Tuesday, July 17, 2012

Considering Acts of Service


The words an Acts of Service person wants to hear most are these: “Let me do that for you” (“The 5 Love Languages”). Making more work or promising to help and then not can bring hurt feelings (“The 5 Love Languages”).

I decided to start with this language because it is my lowest. I thought for a long time it was tied with the rest, but I decided to take the “For Singles” quiz on the 5 Love Languages website and got a zero.

I think women can falsely believe this is our love language because we feel pleased when our husbands pitch in around the house. As progressive as we are, women, in general, are still often expected to take care of the majority of that work. I don’t say it to be controversial—I say it because I see it over and over and over again: in my generation, in ones before me, and in younger generations as well. “We’ve come a long way baby…” but some mindsets are still lingering. I also don’t say it to make some sweeping statement about who should be doing what in a home, but I do think a conversation on roles and responsibilities would be valuable.

If you aren’t married yet, you can watch how your possible in-laws handle things, or ask your fiancé how things were handled in his or her house. Often we mimic the setting we grew up in.

One difference in the traditional mindset may arise when love languages are considered. Whether or not your father-in-law helped around the household chores, if your husband’s love language is Acts of Service, he might be more obliging to do these tasks because he is saying “I love you” with every sweep of the broom, every folding of the socks. In turn, your mopping, vacuuming, wiping, and cleansing will mean a lot more to him than you simply doing what needs to be done.

Men, if your wife’s love language is Acts of Service, then your helping around the house is far more than a comment on your stance on feminism. It actually has nothing to do with that at all, but everything to do with learning to show your affection for her in one of the ways she needs it most.

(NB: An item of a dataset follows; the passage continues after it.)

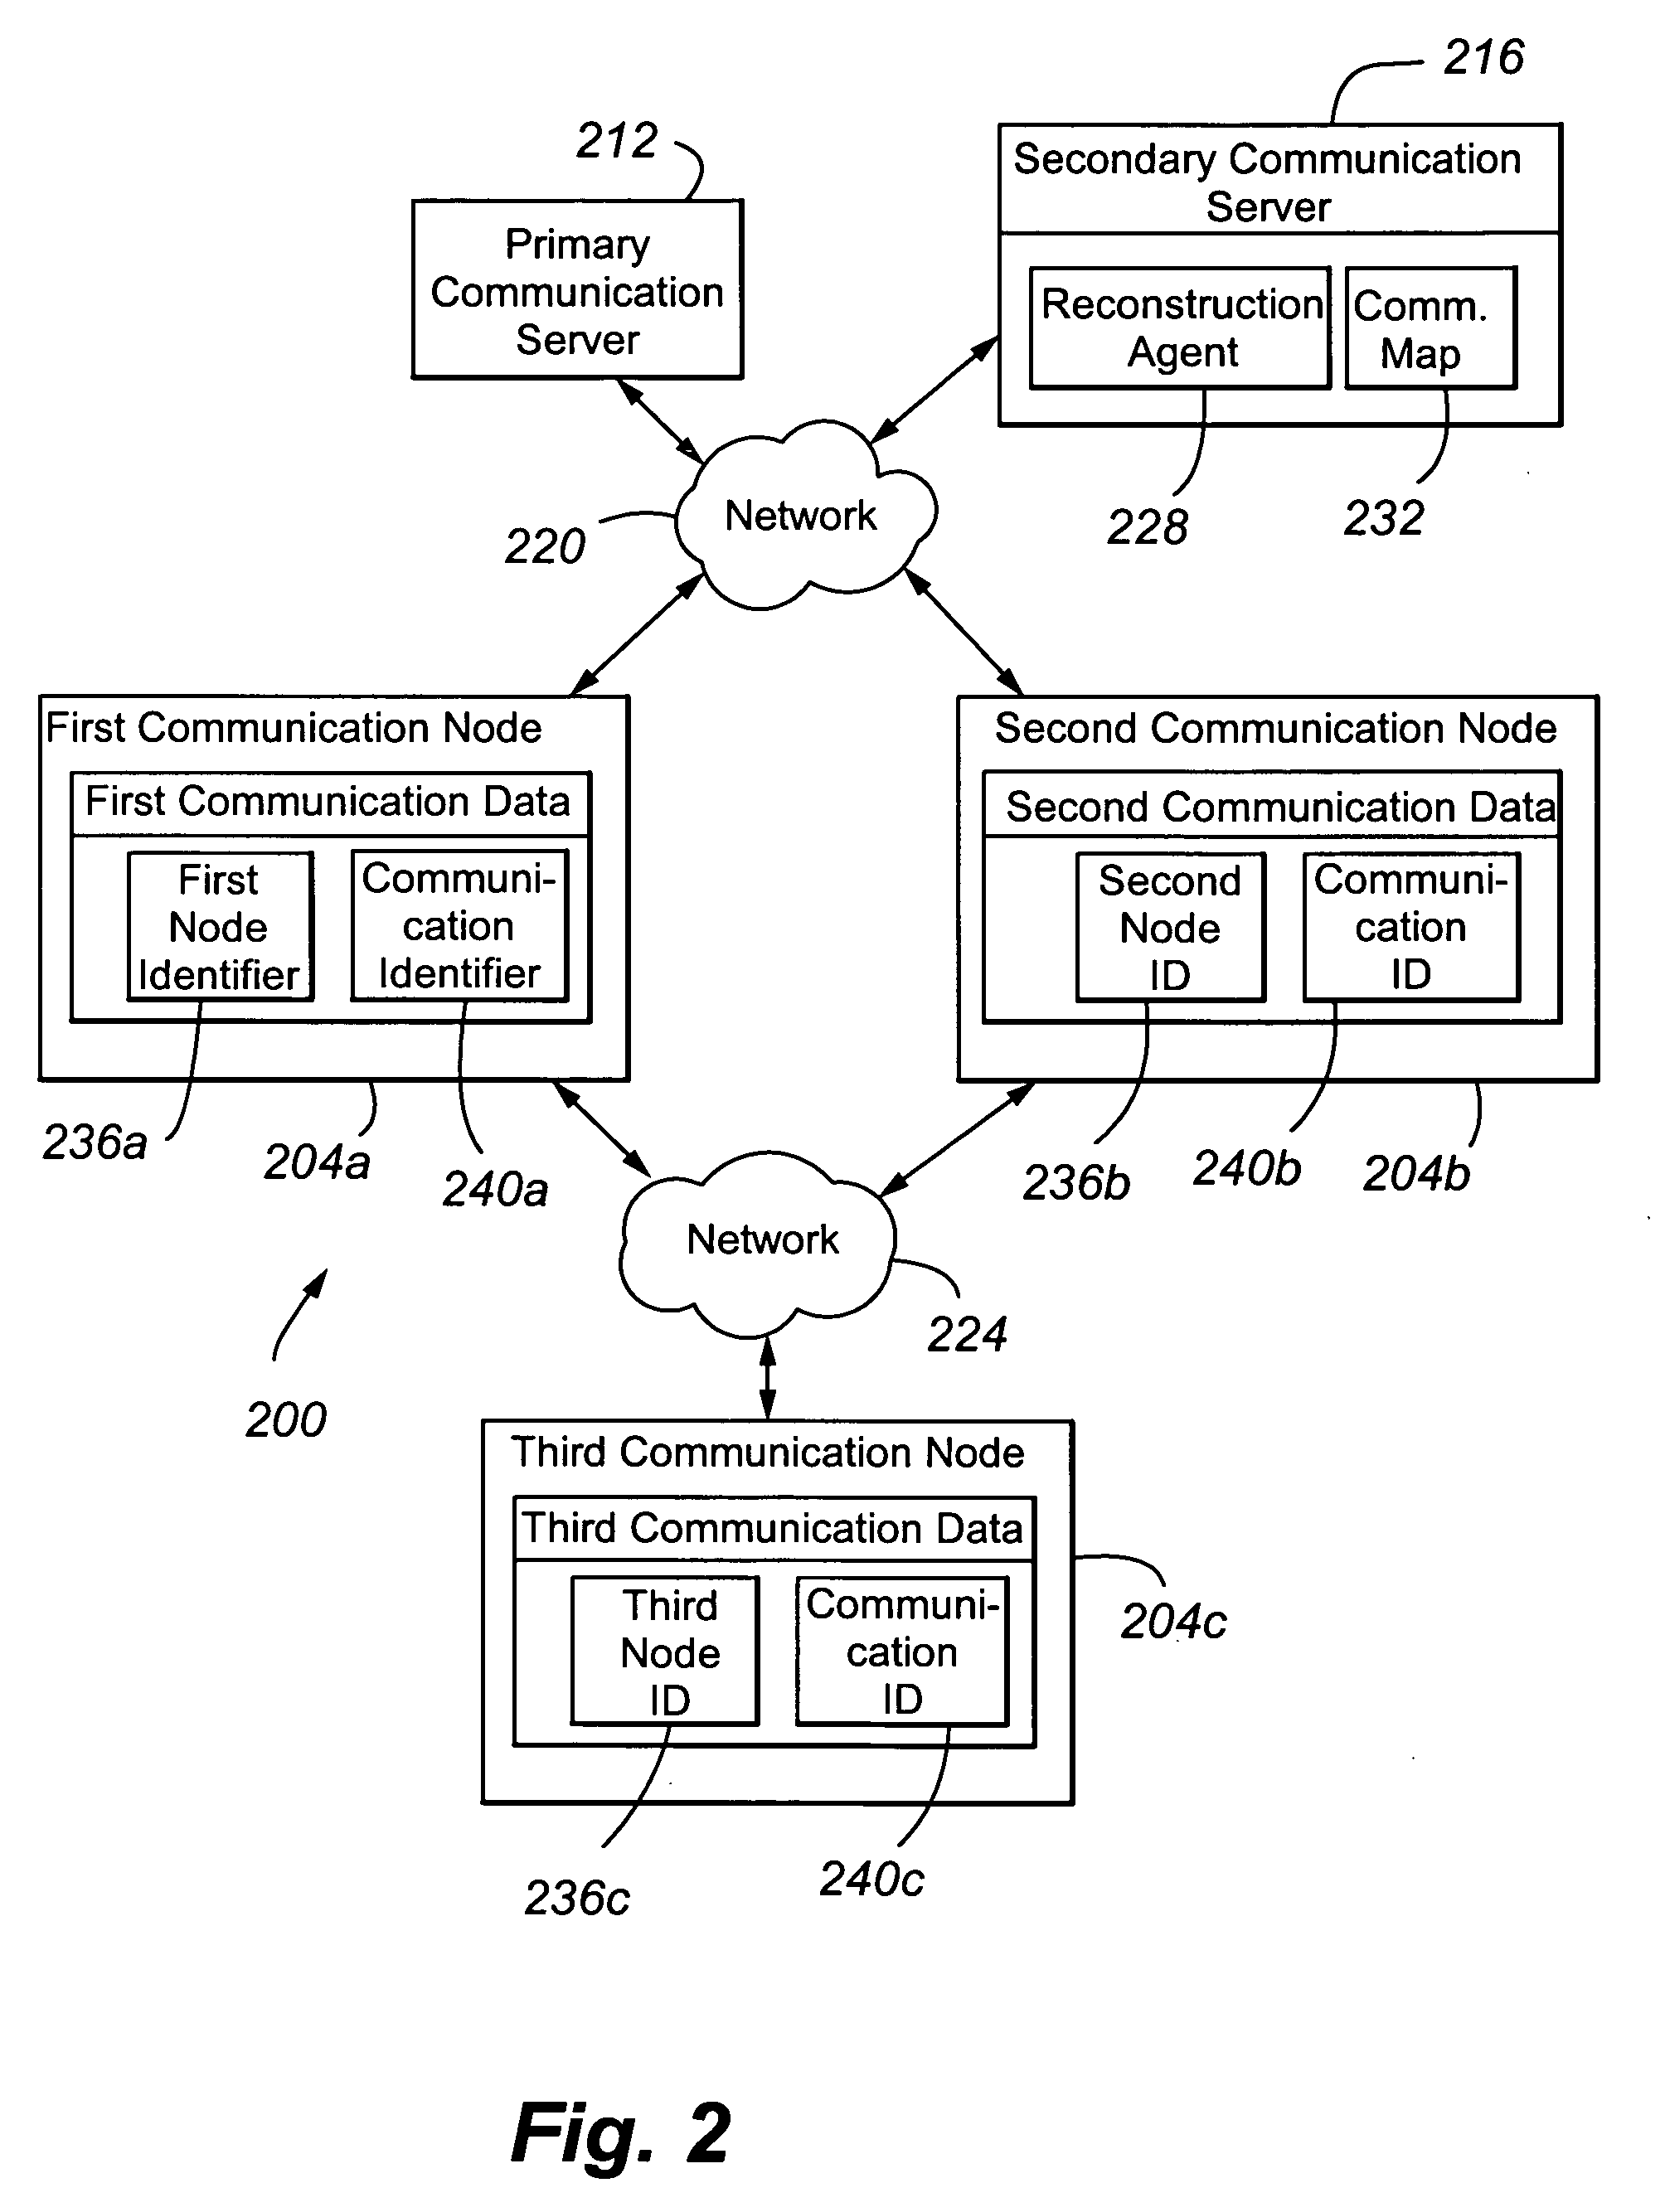 Method and apparatus for merging call components during call reconstruction

Just because I scored low on Acts of Service doesn’t mean I don’t need help. In fact, I find myself getting incredibly frustrated when this language is left unspoken. Why? Because, as I wrote before in this post, marriage is a partnership, and with us both working outside the home, I need us both to be working equally inside the home as well.

Besides taking the quiz on the book’s website, you can consider this question: do you feel loved, appreciated, and cared for when someone helps you with chores, lawn work, cooking, or cleaning? Do you feel neglected and extraordinarily frustrated when these things are ignored, or when it feels that each of these areas of work is left up to you?

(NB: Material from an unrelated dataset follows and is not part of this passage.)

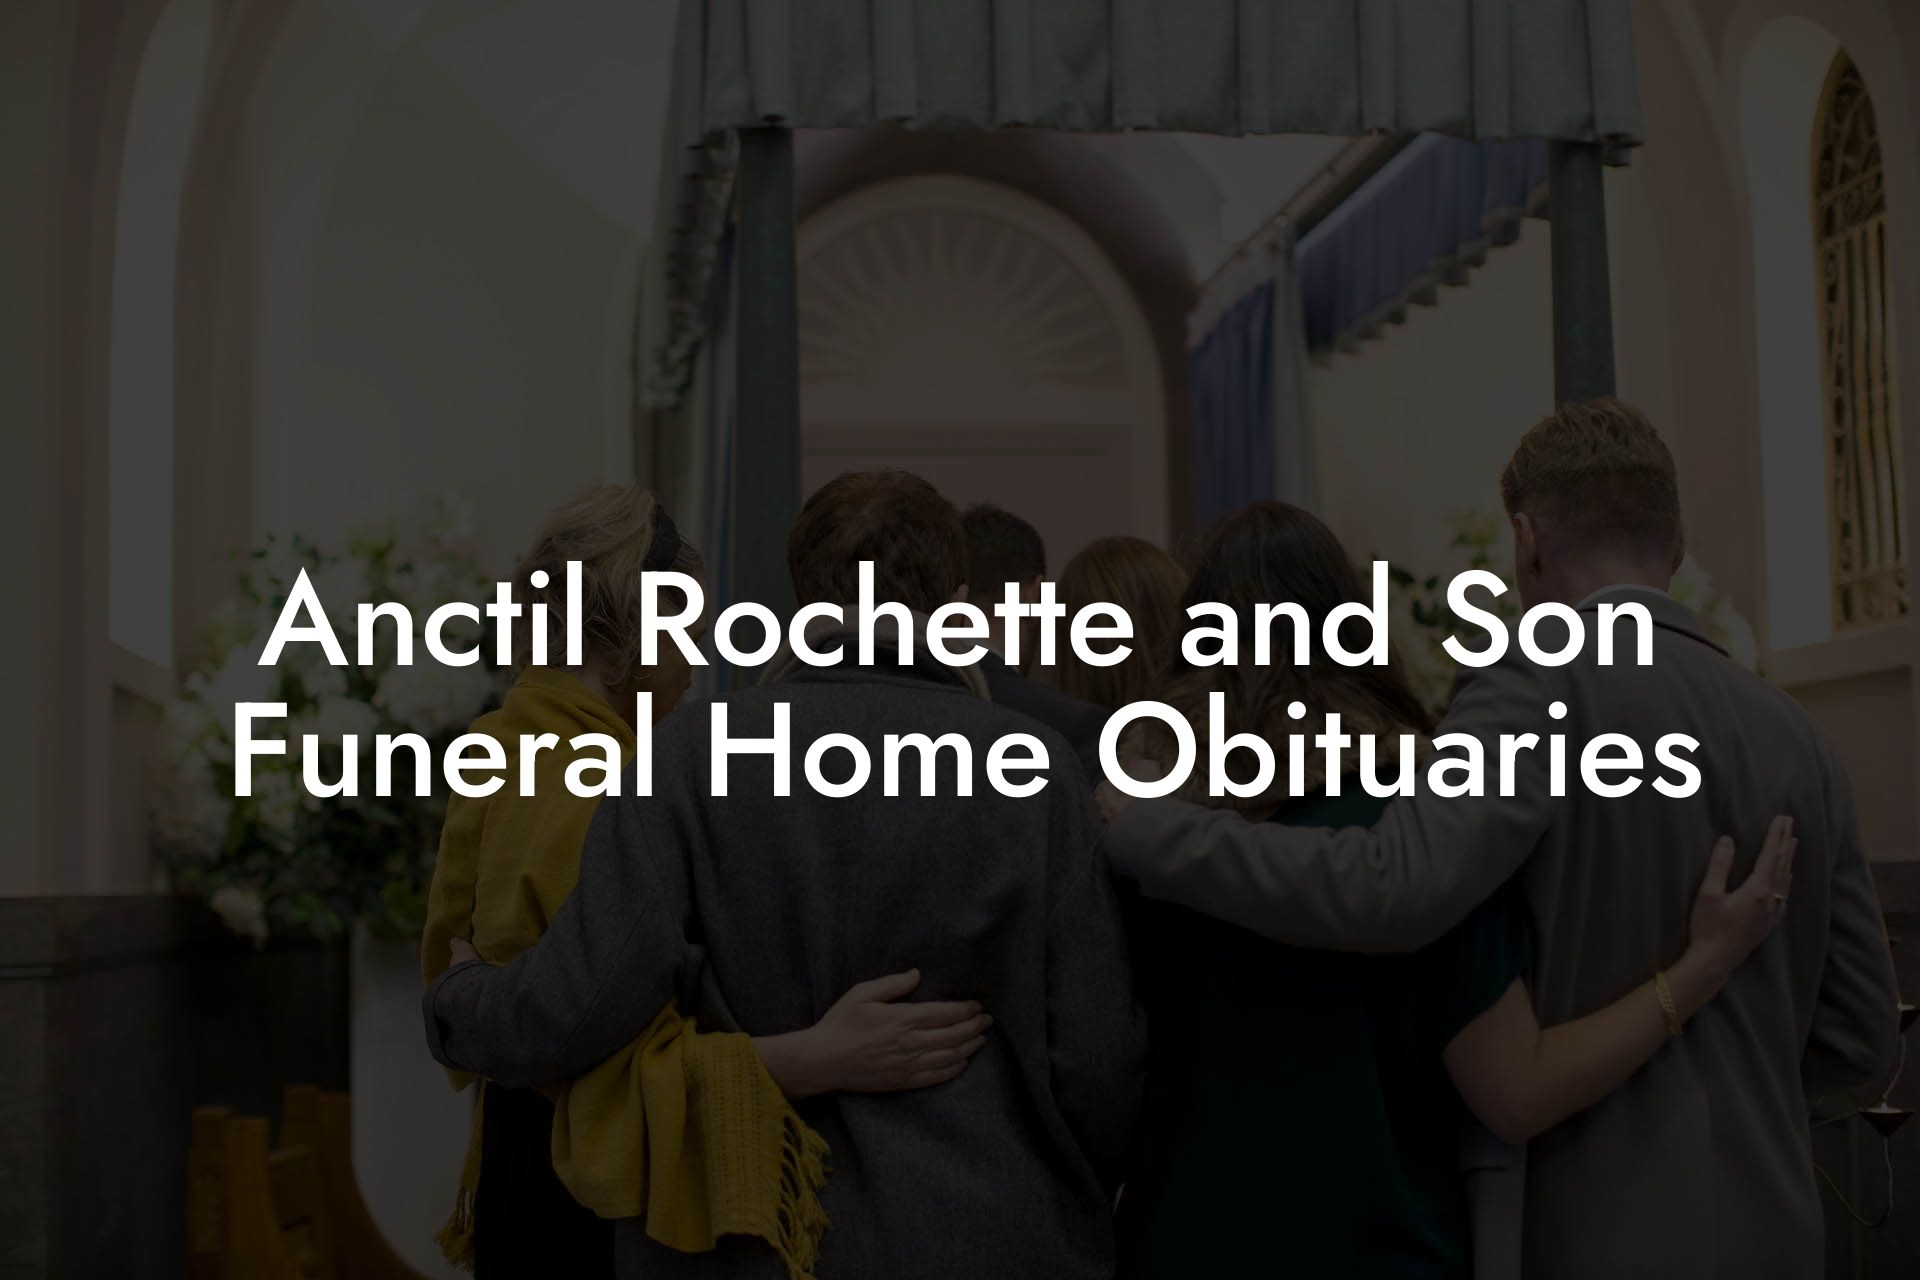 Anctil Rochette and Son Funeral Home Obituaries

Here is a question to discuss with your spouse: what are three things you’d love to have done around the house without having to mention it? Make sure you are careful with your wording. “You are such a mess; please just pick up your socks for once in your life,” isn’t the best way to say it. “I love it when you pick up your socks,” is much more positive. Once you’ve come up with some answers, it will be time to put intention into action.




Chapman, Gary. The 5 Love Languages. Chicago: Northfield, 1995. Print.

“The 5 Love Langugages.” The 5 Love Languages. Moody Publishers. n.d. Web. 11 May 2012.